April 6, 2018 at 1:53 p.m.
LITTLE SISTER OF POOR

Chinese nun comes to Latham out of love for serving aged


By KAREN DIETLEIN OSBORNE- | Comments: 0 | Leave a comment

Serving the elderly has brought Sister Cecilia Marie Therese from Hong Kong to Latham, where she is working at Our Lady of Hope Residence, while also attending nursing school at Maria College in Albany.

Born in Hong Kong when the city was a British colony, she remembers wanting to become a nurse as a little girl. In 1986, she visiting her grandfather in a nursing home run by the Little Sisters of the Poor. One day, she watched a resident spit on a floor that a nun had recently cleaned "to a bright shine," she recalled, and decided to help her. She returned again and again, and was soon volunteering every weekend.
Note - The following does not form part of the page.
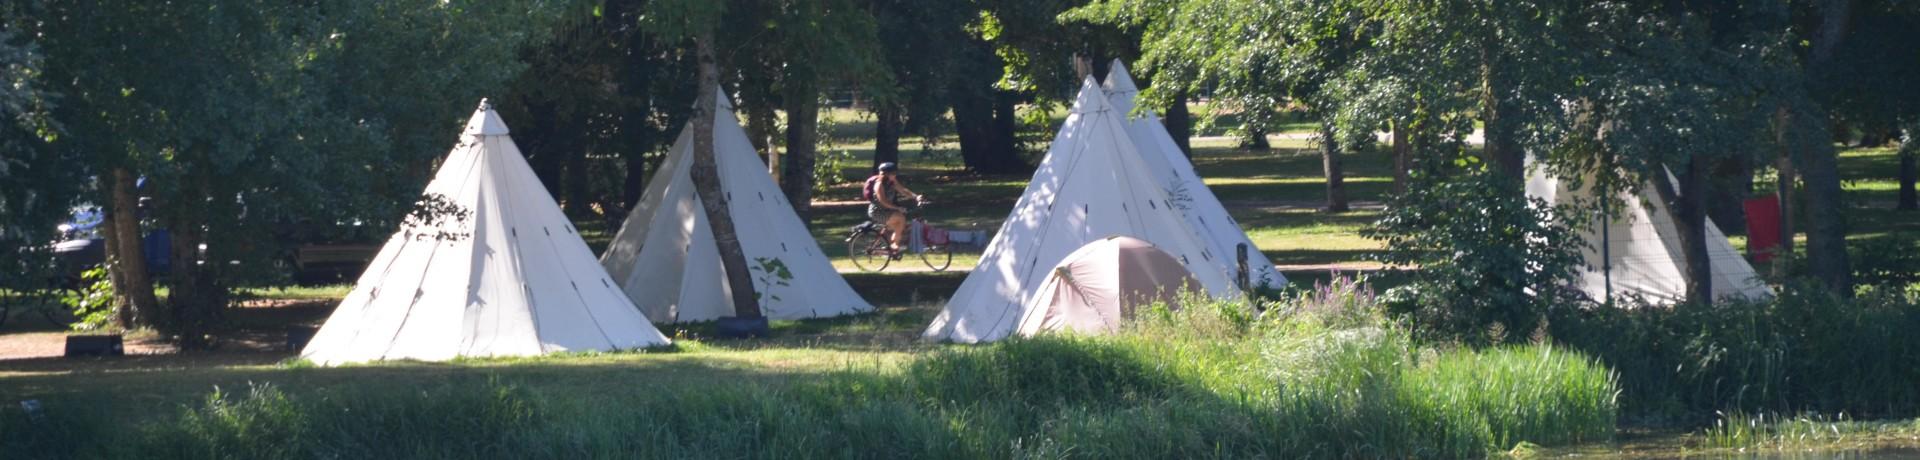 Camping des Halles is een natuurcamping in de omgeving van Décize, Nièvre in Bourgogne gelegen aan een rivier.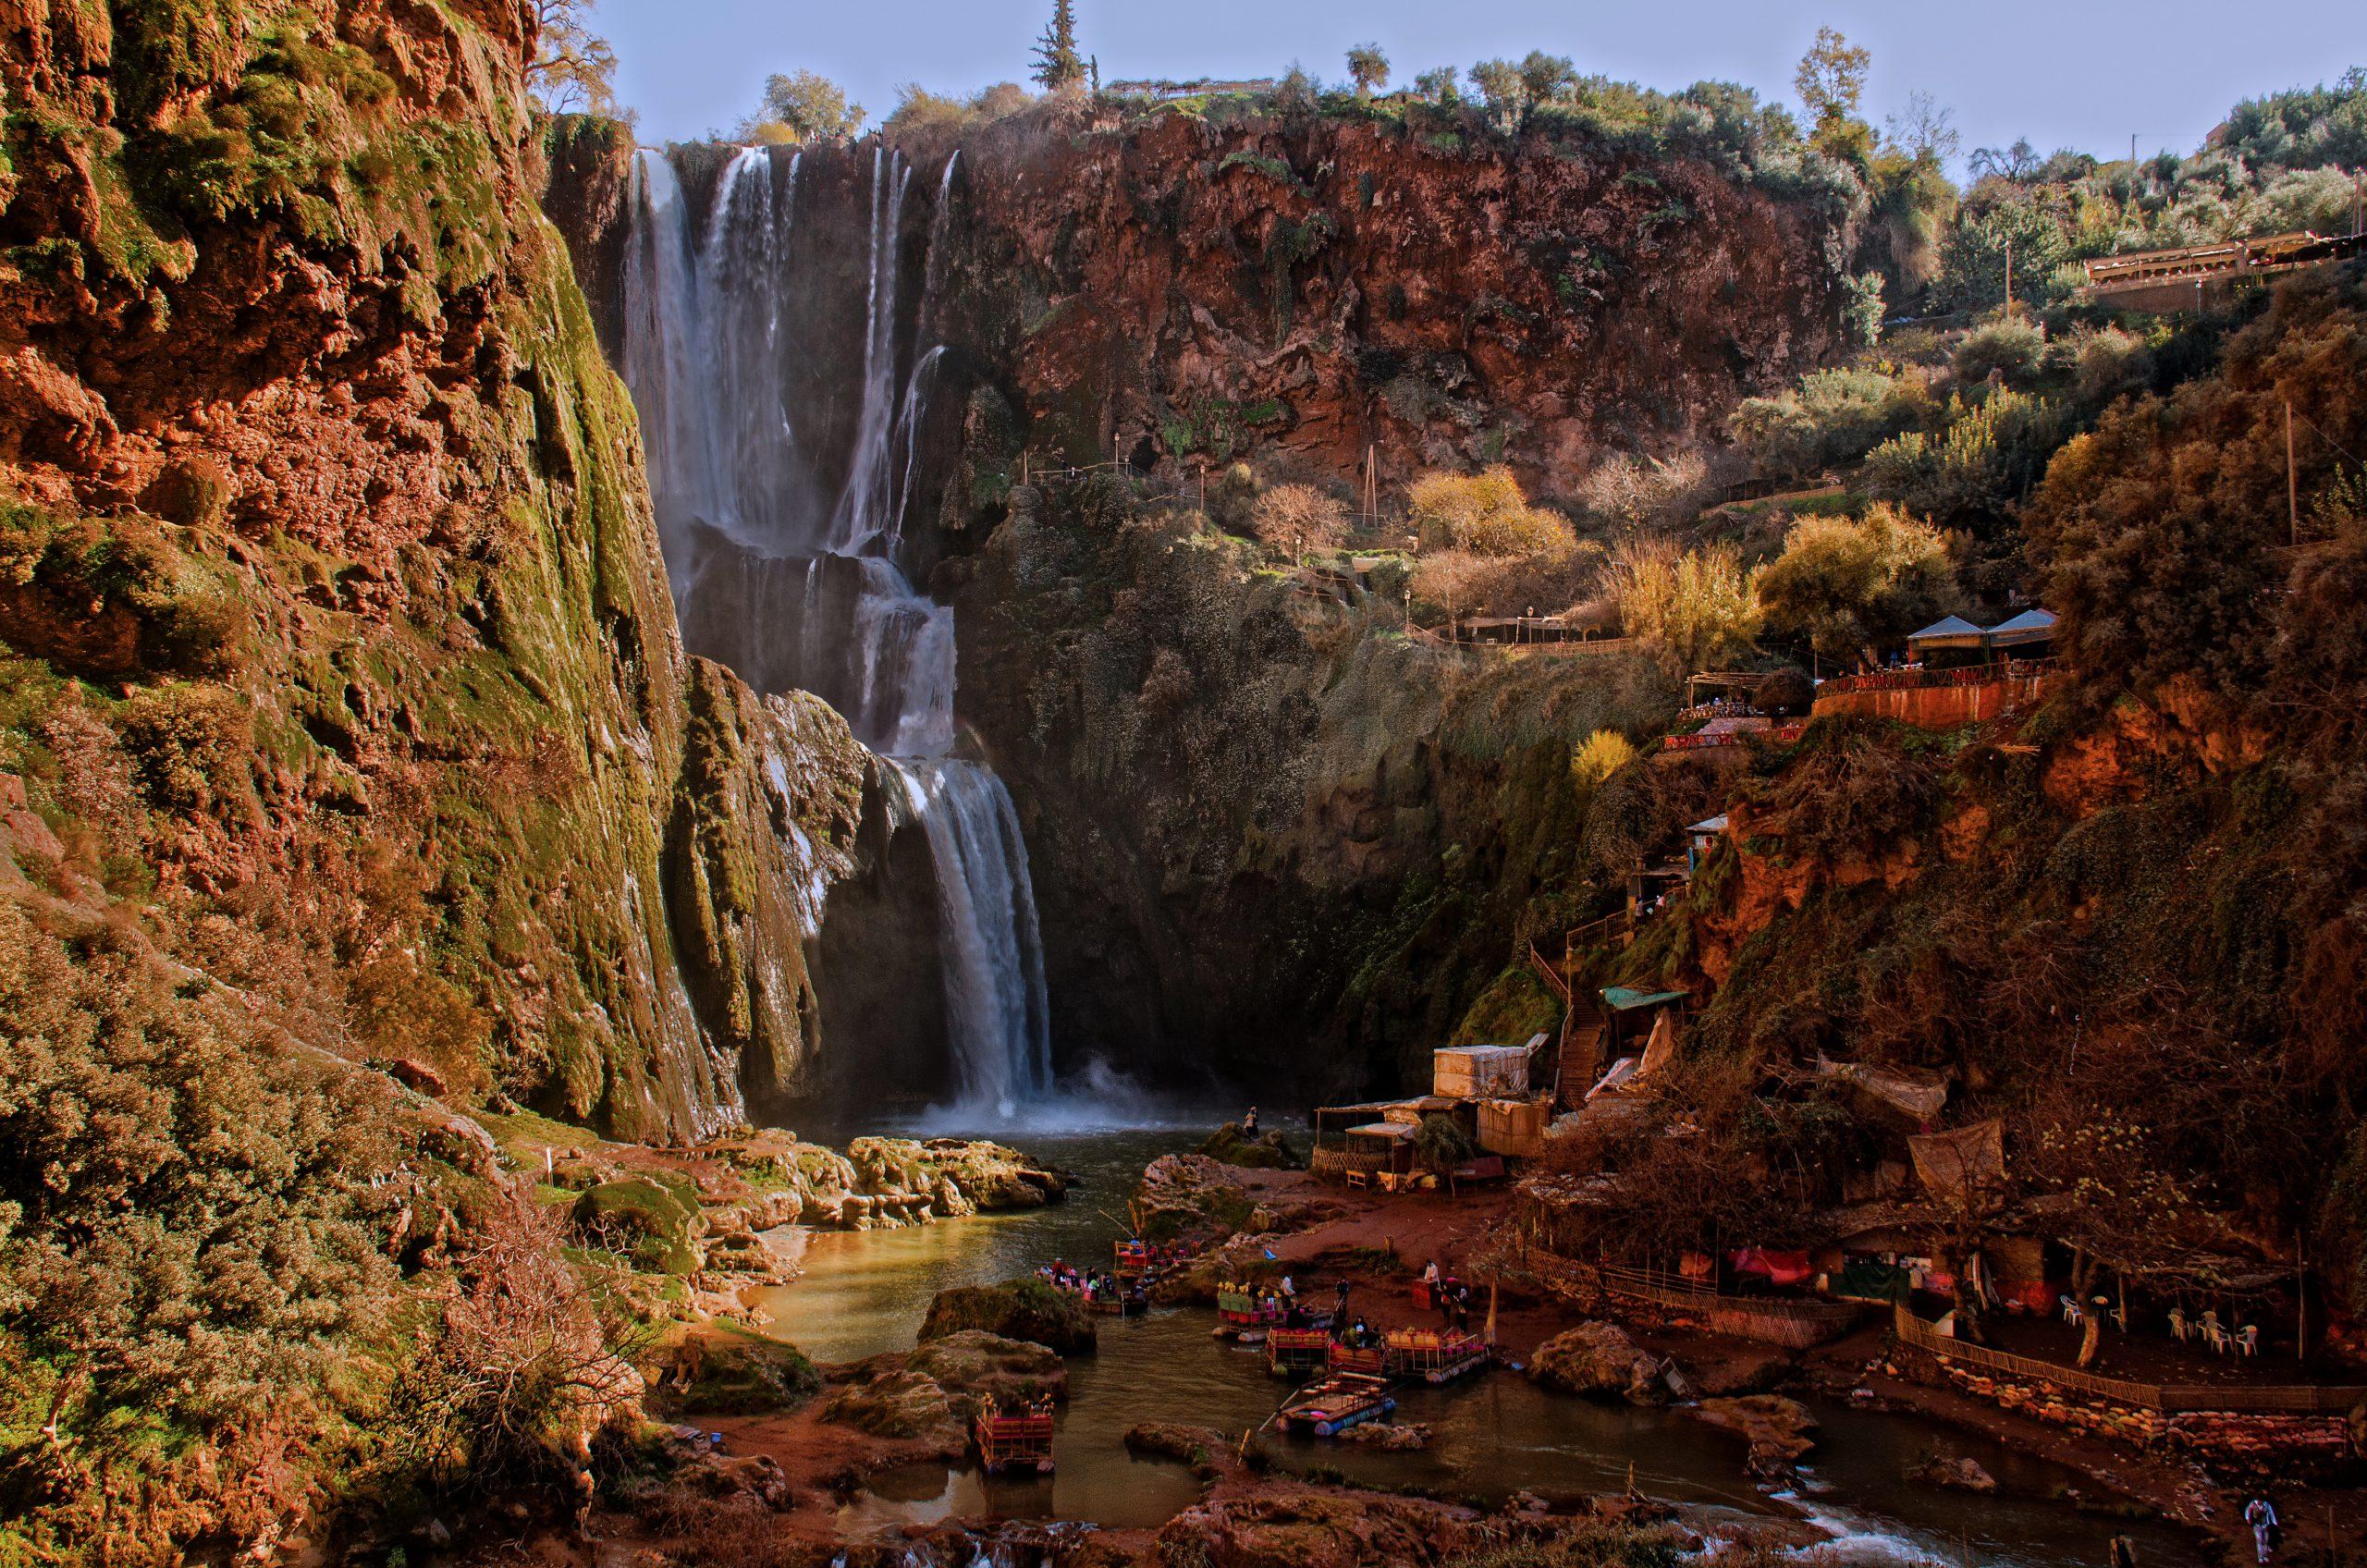 2 Days Marrakech Zagora Desert, 3 Days to the high dunes of Merzouga, day trip from errachidia, Day trip to Ouzoud Waterfalls, Excursion to ouzoud, Excursions from marrakech, explore ouzoud departure from marrakech, explore ouzoud from Marrakech, fes day trip, journey to ouzoud falls, Marrakech ouzoud day trip, Ouarzazate, Ouzoud瀑布一日遊, 摩洛哥短途旅行, 撒哈拉沙漠之旅, 烏祖德一日遊

"I would go to the home before I went to work," she said. "People asked me, 'Are you going to become a nun?' I'd say, 'No, I wouldn't do that!'"

Decision time

One night, as she was helping to put a resident to bed, the woman "turned blue," she recalled. "I had no clue, so I called a sister and asked, 'What am I going to do?' Everyone gathered around and prayed over her, and a half hour later she passed so peacefully."

She began to explore whether she might have a vocation but dubbed herself a "doubting Thomas."

She asked God for a sign that she was called to the religious life. When she received them, she entered the novitiate in Singapore in 1991; in 1999, she made her final vows.

'I love it'

Sister Cecilia said, "A lot of people think, as a Little Sister, there is no future, because we just take care of the elderly and are not outside in parishes. But I love it. I am happy because of the saying of our foundress: 'To make the elderly happy is everything.' This is exactly what I want. We choose to follow Jesus, and we are happy to do what He calls us to do."

When the Little Sisters' residence in Singapore closed, her order sent her to Paris. There, she experienced culture shock. Sister Cecilia said that it's not hard to adapt to other cultures, as long as she keeps an open mind.

"We integrate in the home right away," she said. "There is a family spirit, and I feel at home wherever I go. I am a missionary. I go to another country, I adapt to life there, I get to know their culture."

Language

Studying to be a registered nurse, Sister Cecilia estimates that she will receive her degree in May 2007. Even though she speaks English, medical terminology -- from simple words like measles and mumps to more complicated classifications -- evades her at times.

"I know them in Chinese," she explained, "so I just sit down with a dictionary."

Exams for her nursing degree present a challenge. They're based in a very American variety of critical thinking, she said, which does not always harmonize with the culture in which she grew up.

In the U.S., she explained, people operate on a more "individualistic" basis, where students make decisions "and don't care what other people think. For [the Chinese], we always react as a community and act as a group. It is very different."

Life's work

Although she maintains a busy schedule with classes and lab practicals, Sister Cecilia said that working with residents keeps her grounded.

"After, I am happy and so relaxed, and can always study better," she said. "It might be hard right now, but it is not for me; it is for the residents, ultimately. It is to be able to give them better care and pass on the joy [of the order] to other nurses."

She has no doubt that taking care of the elderly is what God has called her to do.

"The elderly people build up the country; they build up society that we live in," she said. "It breaks my heart" to see them abandoned. "Whatever sicknesses they have, we respect the dignity of everyone. They should enjoy life."